How to grep multiples strings within N lines - linux

I was wondering if there is anyway that I could grep (or any other command) that will search multiple strings within N lines.
Example
Search for "orange", "lime", "banana" all within 3 lines
If the input file is
xxx
a lime
b orange
c banana
yyy
d lime
foo
e orange
f banana
I want to print the three lines starting with a, b, c.
The lines with the searched strings can appear in any order.
I do not want to print the lines d, e, f, as there is a line in between, and so the three strings are not grouped together.

Your question is rather unclear. Here is a simple Awk script which collects consecutive matching lines and prints iff the array is longer than three elements.
awk '/orange|lime|banana/ { a[++n] = $0; next }
{ if (n>=3) for (i=1; i<=n; i++) print a[i]; delete a; n=0 }
END { if (n>=3) for (i=1; i<=n; i++) print a[i] }' file
It's not clear whether you require all of your expressions to match; this one doesn't attempt to. If you see three successive lines with orange, that's a match, and will be printed.
The logic should be straightforward. The array a collects matches, with n indexing into it. When we see a non-match, we check its length, and print if it's 3 or more, then start over with an empty array and index. This is (clumsily) repeated at end of file as well, in case the file ends with a match.
If you want to permit gap (so, if there are three successive lines where one matches "orange" and "banana", then one which doesn't match, then one which matches "lime", print those three lines? Your question is unclear) you could change to always keeping an array of the last three lines, though then you also need to specify how to deal with e.g. a sequence of five lines which matches by these rules.

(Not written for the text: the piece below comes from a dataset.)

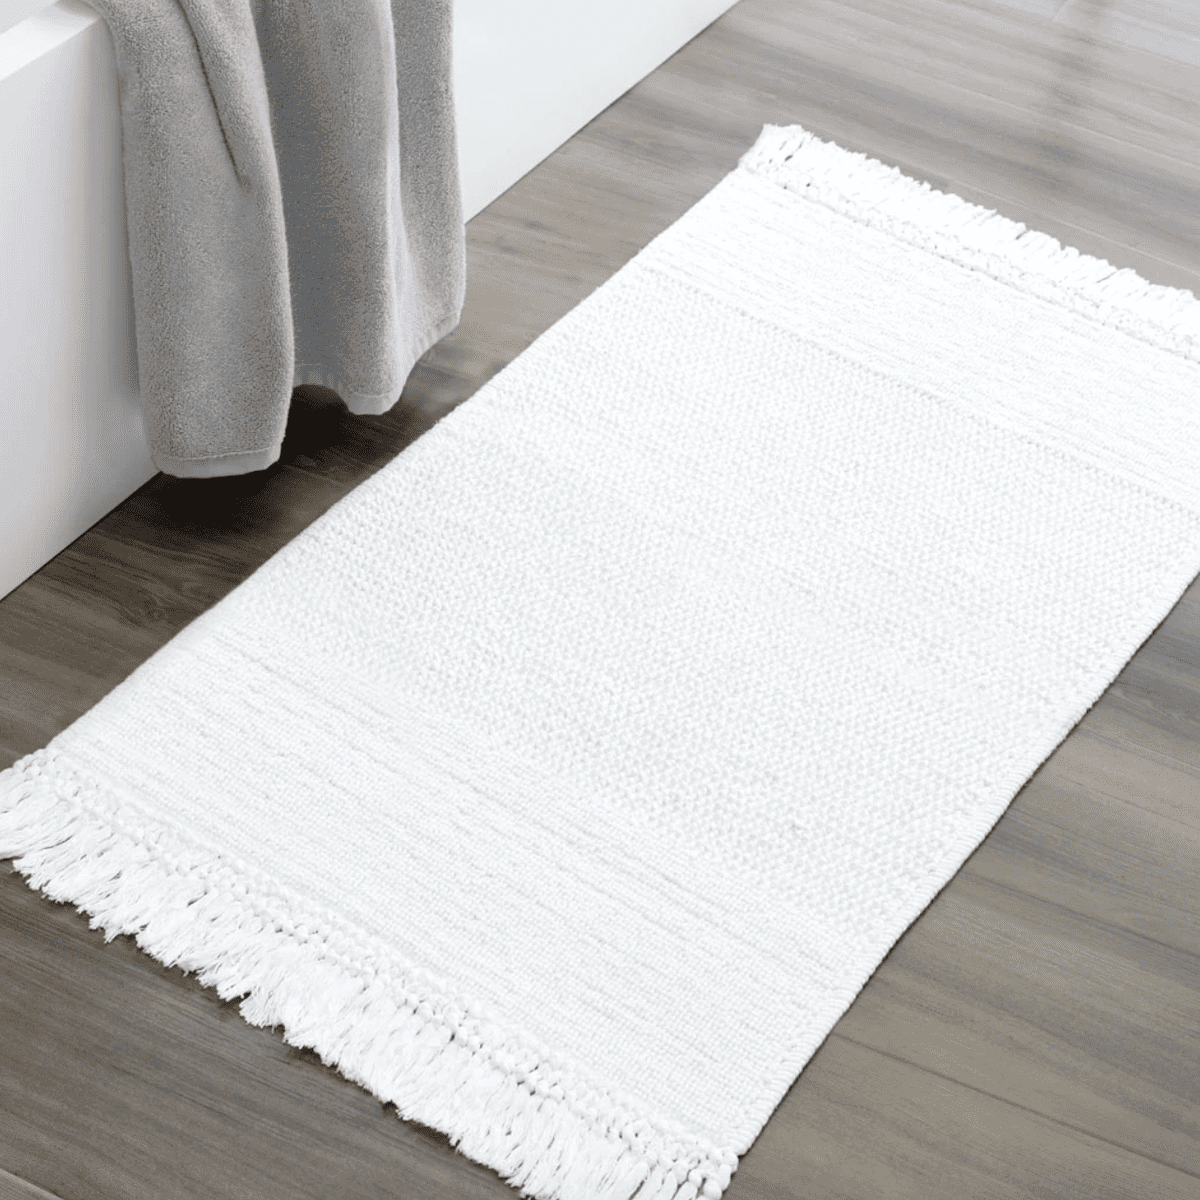 https://cdn.apartmenttherapy.info/image/upload/v1701804599/gen-workflow/product-database/White-Fringed-Textured-Bath-Mat-Crane-Canopy.png
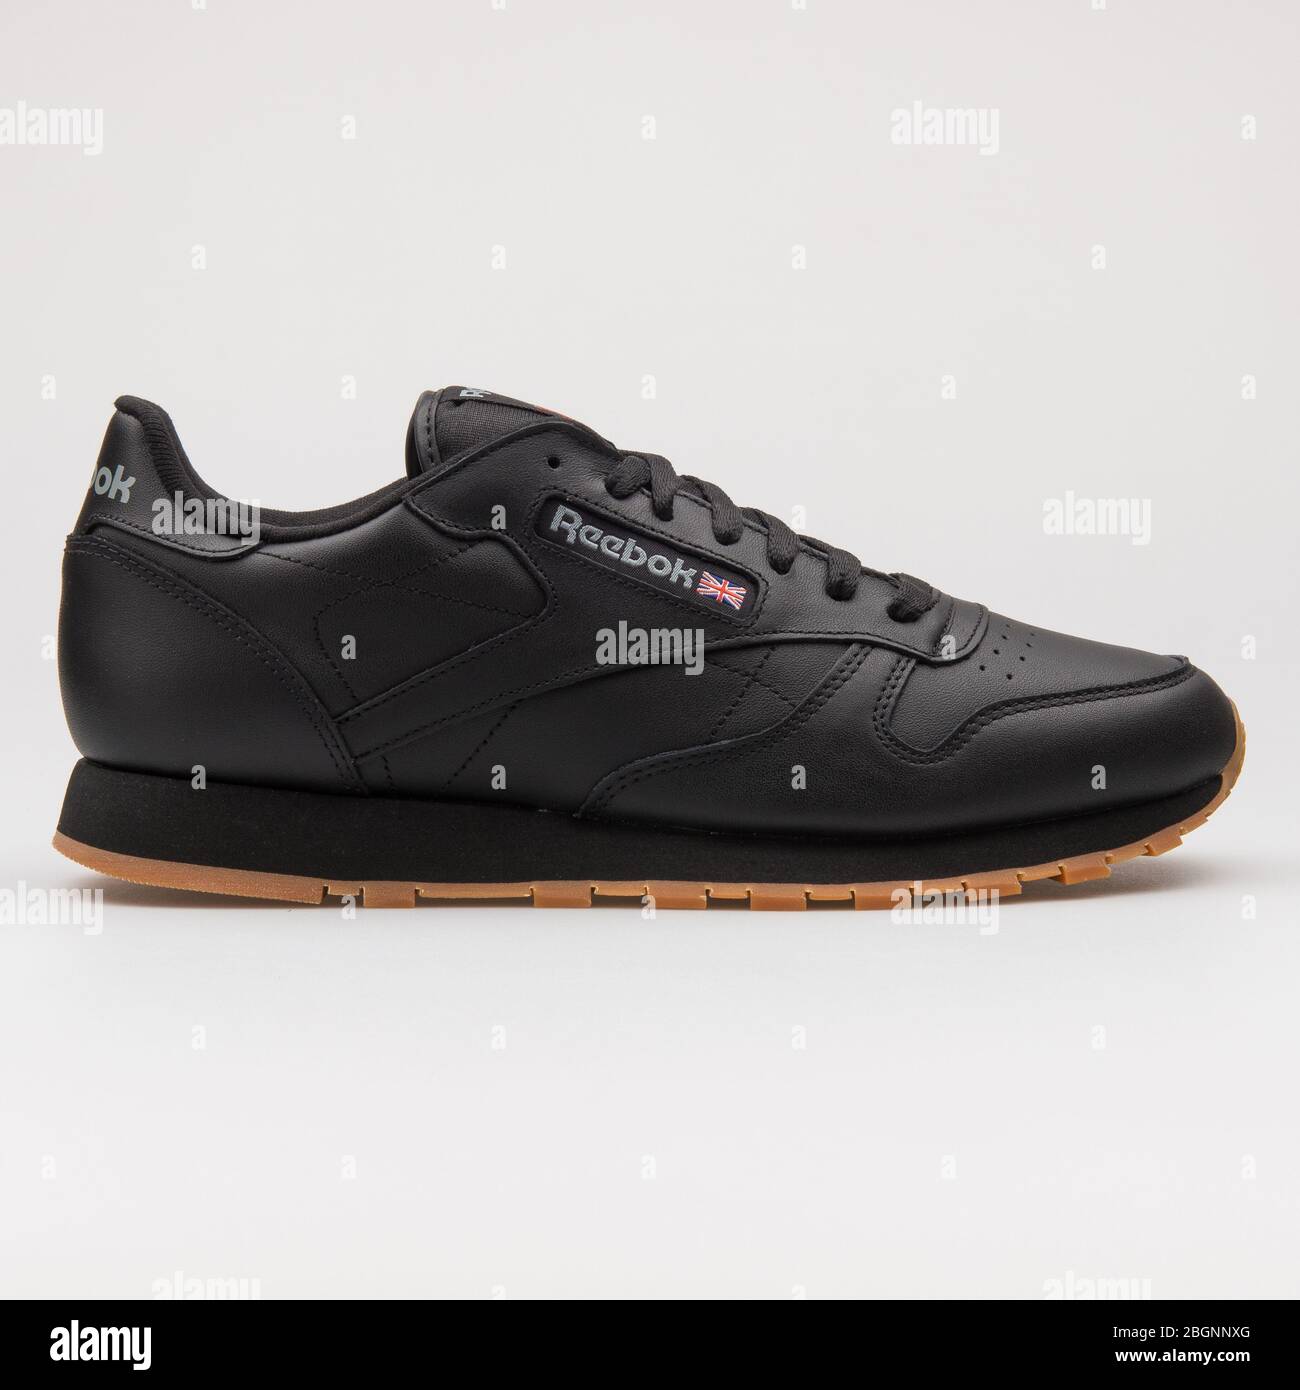 Reebok Classic Leather 2017 Cheapest Prices, 44% OFF | purewater.mx

Similar to tripleee's answer, I would also use awk for this purpose.
The main idea is to implement a simple state machine.
Simple example
As a simple example, first try to find three consecutive lines of banana.
Consider the pattern-action statement
/banana/ { bananas++ }
For every line matching the regex banana, it increases the variable bananas (in awk, all variables are initialised with 0).
Of course, you want bananas to be reset to 0 when there is non-matching line, so your search starts from the beginning:
/banana/ { bananas++; next }
{ bananas = 0 }
You can also test for values of variables in the pattern of actions.
For example, if you want to print "Found" after three lines containing banana, extend the rule:
/banana/ {
bananas++
if (bananas >= 3) {
print "Found"
bananas = 0
}
next
}
This resets the variable bananas to 0, and prints the string "Found".
How to proceed further
Using this basic idea, you should be able to write your own awk script that handles all the cases.
First, you should familiarise yourself with awk (pattern, actions, program execution).
Then, extend and adapt my example to fit your needs.
In particular, you probably need an associative array matched, with indices "banana", "orange", "lime".
You set matched["banana"] = $0 when the current line matches /banana/. This saves the current line for later output.
You clear that whole array when the current line does not match any of your expressions.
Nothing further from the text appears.